Alterations in visible light exposure modulate platelet function and regulate thrombus formation.

Background: Variations in light exposure are associated with changes in inflammation and coagulation. The impact of light spectra on venous thrombosis (VT) and arterial thrombosis is largely unexplored.

Objectives: To investigate the impact of altering light spectrum on platelet function in thrombosis.

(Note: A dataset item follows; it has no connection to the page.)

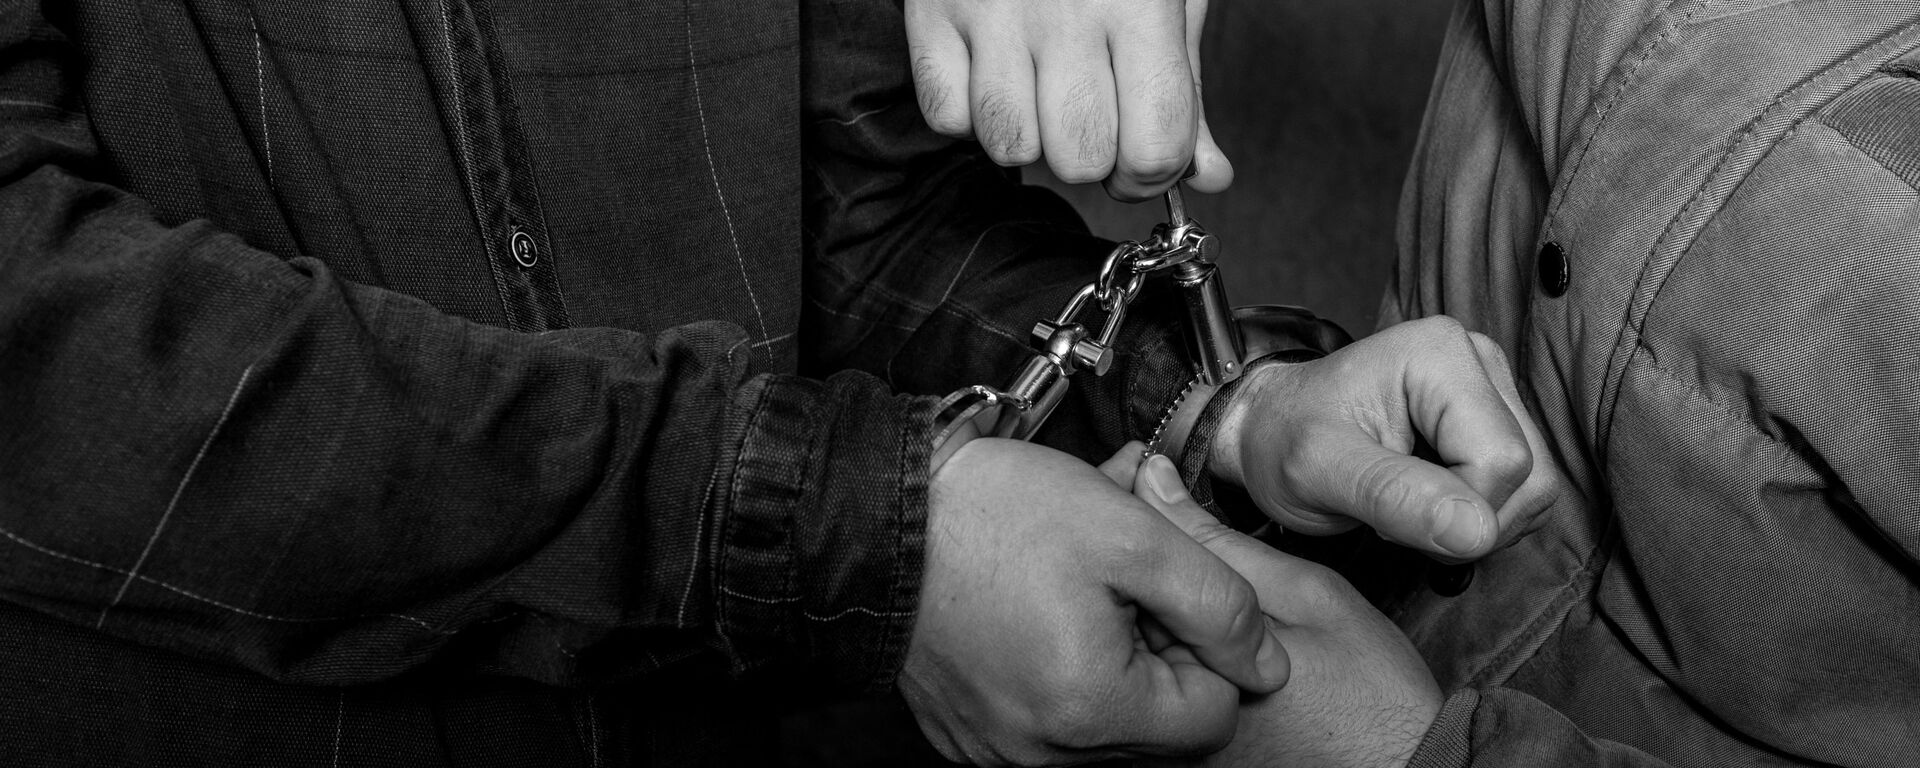 Задержание преступника - наручники надевают на руки - Sputnik Грузия, 1920, 12.03.2021

Methods: Wild-type C57BL/6J mice were exposed to ambient (mice^white, 400 lux), blue (mice^blue, 442 nm, 1400 lux), or red light (mice^red, 617 nm, 1400 lux) with 12:12 hour light:dark cycle for 72 hours. After 72 hours of light exposure, platelet aggregation, activation, transcriptomic, and metabolomic changes were measured. The ability of released products of platelet activation to induce thrombosis-generating neutrophil extracellular trap formation was quantified. Subsequent thrombosis was measured using murine models of VT and stroke. To translate our findings to human patients, light-filtering cataract patients were evaluated over an 8-year period for rate of venous thromboembolism with multivariable logistic regression clustered by hospital.

Results: Exposure to long-wavelength red light resulted in reduced platelet aggregation and activation. RNA-seq analysis demonstrated no significant transcriptomic changes between mice^red and mice^white. However, there were global metabolomic changes in platelets from mice^red compared with mice^white. Releasate from activated platelets resulted in reduced neutrophil extracellular trap formation. Mice^red also had reduced VT weight and brain infarct size following stroke. On subgroup analysis of cataract patients, patients with a history of cancer had a lower lifetime risk of venous thromboembolism after implantation with lenses that filter low-wavelength light.

Conclusion: Light therapy may be a promising approach to thrombus prophylaxis by specifically targeting the intersection between innate immune function and coagulation.